Привыкший к терпению, понимавший необходимость и неотвратимость пережить это состояние, он добросовестно подчинялся врачам. Но когда на этот раз врачи стали предостерегать от ранней поездки на Пинегу или и вовсе отказаться от неё в этом году, Фёдор Абрамов сильно вспылил и попросил скорейшей выписки. Согласиться с доводами врачей было выше его сил.

И сразу на этом фоне грустные мысли, нескончаемые думы о скором конце, истрёпывающая, угнетающая душу меланхолия, обиды на самого себя за безделье, вызванное столь длительной болезнью. Добавлял масла в огонь тревог и затянувшийся на несколько лет ремонт новой квартиры в Морском доме. Ведь это был не просто ремонт, а фактически полная перепланировка общежития в квартиру с переносом стен и пробивкой новых дверных проёмов. И хотя всё ремонтное хозяйство было в руках Людмилы Владимировны, отстраниться полностью у Фёдора Александровича всё одно не получалось.

Жизнь «на перекладных» терзала, но ещё больше мучила неизвестность в сроках окончания этой стройки, да и стресс от неминуемого переезда пугал ещё больше. Может быть, потому и работалось за письменным столом намного меньше, чем прежде. Впрочем, это походило на творческий отдых, на закачивание в себя новых сил, чтобы подняться выше, ведь литературный талант при Абрамове был.

Фёдору Абрамову, как и прежде, очень много писали читатели. И письма были разные – от восторженных до сдержанно-благодарственных. Случалось, критиковали, бывало, и успокаивали. Так, инвалид первой группы Сергей Владимирович Попов, по всей видимости, прочитав какое-то произведение Абрамова, 12 мая 1982 года сообщал:

«Цельнотянуто выходит у вас, Фёдор Александрович. Мудро и призывно.
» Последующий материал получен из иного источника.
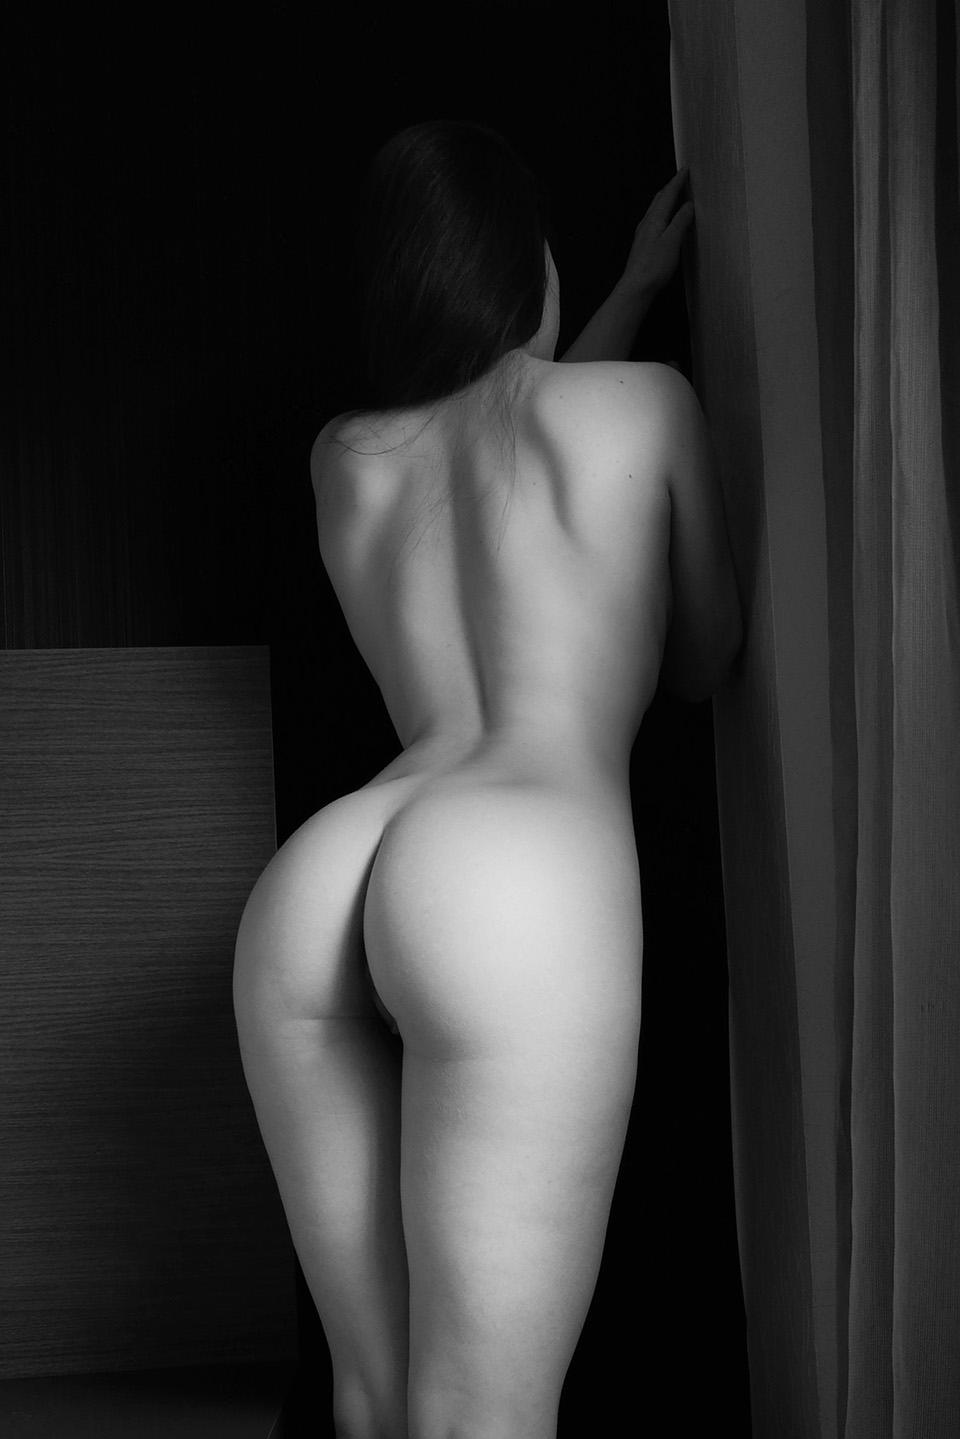 Elle Beth Full Frontal Nude Photos - Celebrity Leaks-6822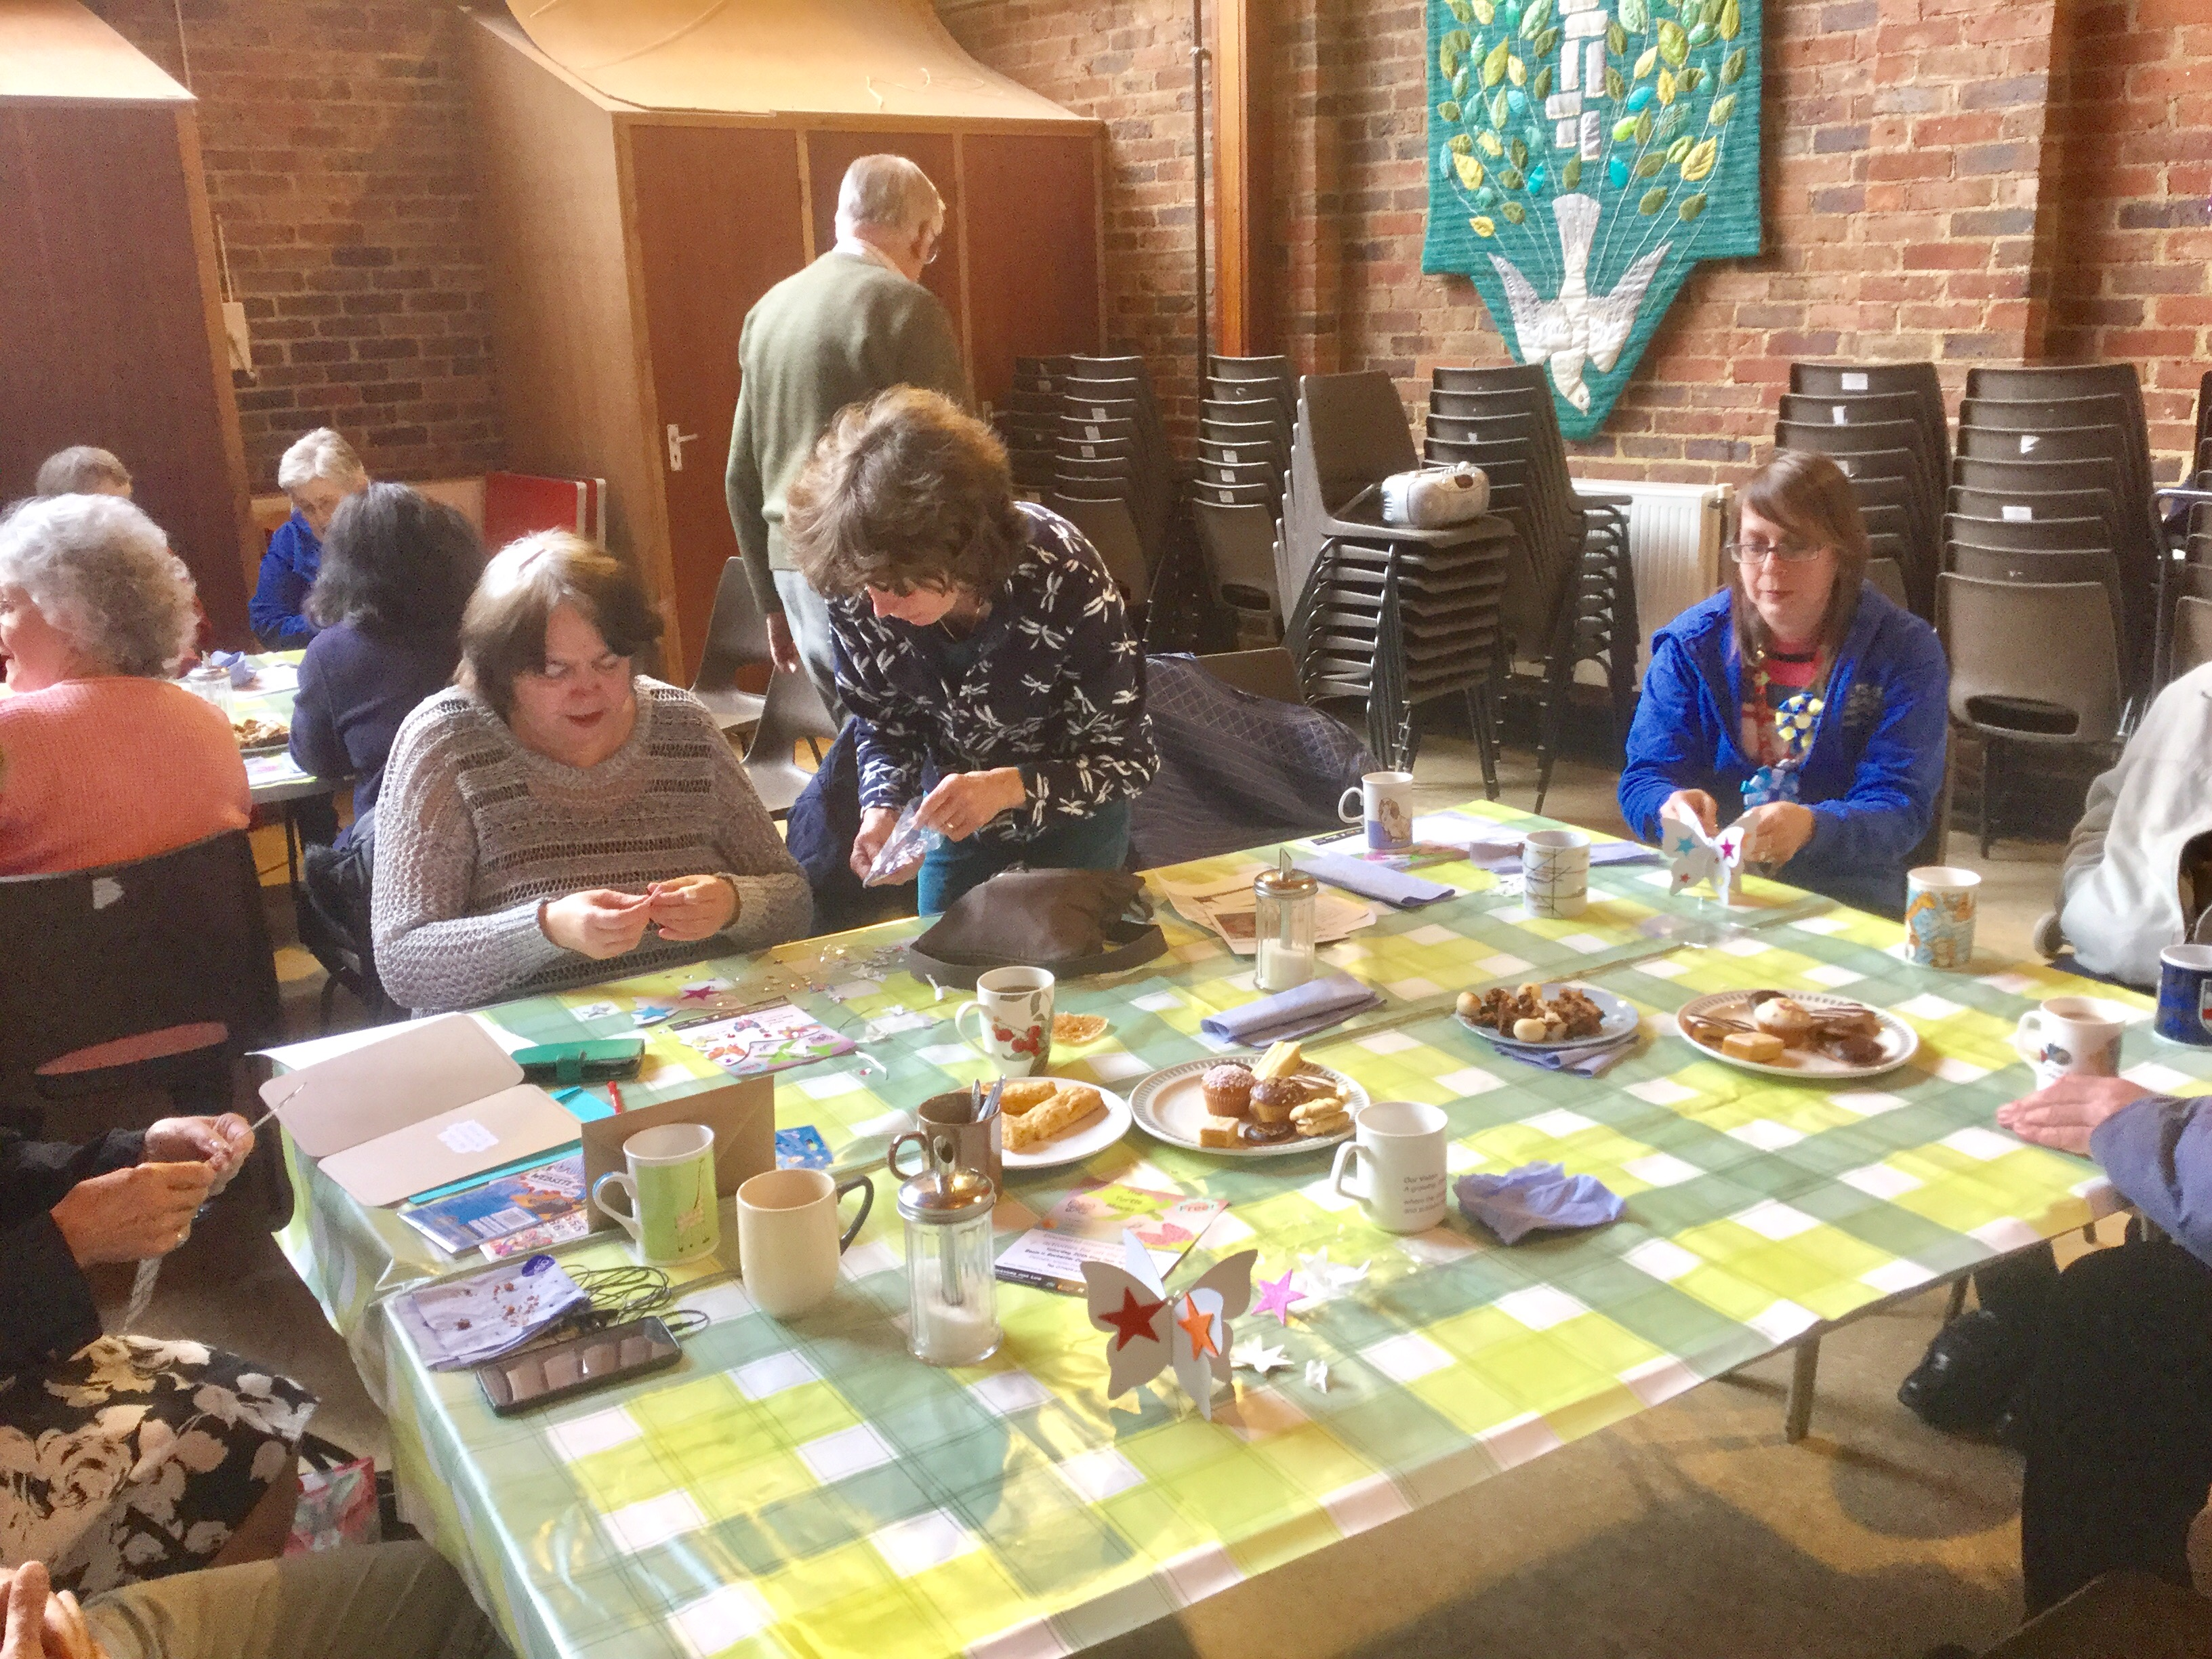 Rochester dementia cafe 1 rochester literature festival - Rochester home and garden show 2017 ...

Жить и действовать хочется, а не помирать.

Пусть эстетствующие ленинградские умники шелестят по салонам: “Ф. Абрамов повторяется, Ф. Абрамов исписался, на сермяжно-лапотную Россию излишне оглядывается”. Не верьте им…»{48}

Конечно, подобные читательские письма были лечебным бальзамом израненной абрамовской душе. В них он находил не только поддержку своему слову, но и успокоение, доброе читательское признание и понимание значимости сделанного. Это был диалог писателя с читателем, пронизанный не только открытостью общения, но и исключительной привязанностью.

Начавшийся болезнями год нарушил действительно многое из задуманного.

12 июля в дневнике писателя появится такая запись:

«Ну что сделано за эти полгода: две-три статейки написал? Правда, была болезнь (воспаление лёгких), правда, была поездка в Финляндию, правда, вычитывал “Траву-мураву”…»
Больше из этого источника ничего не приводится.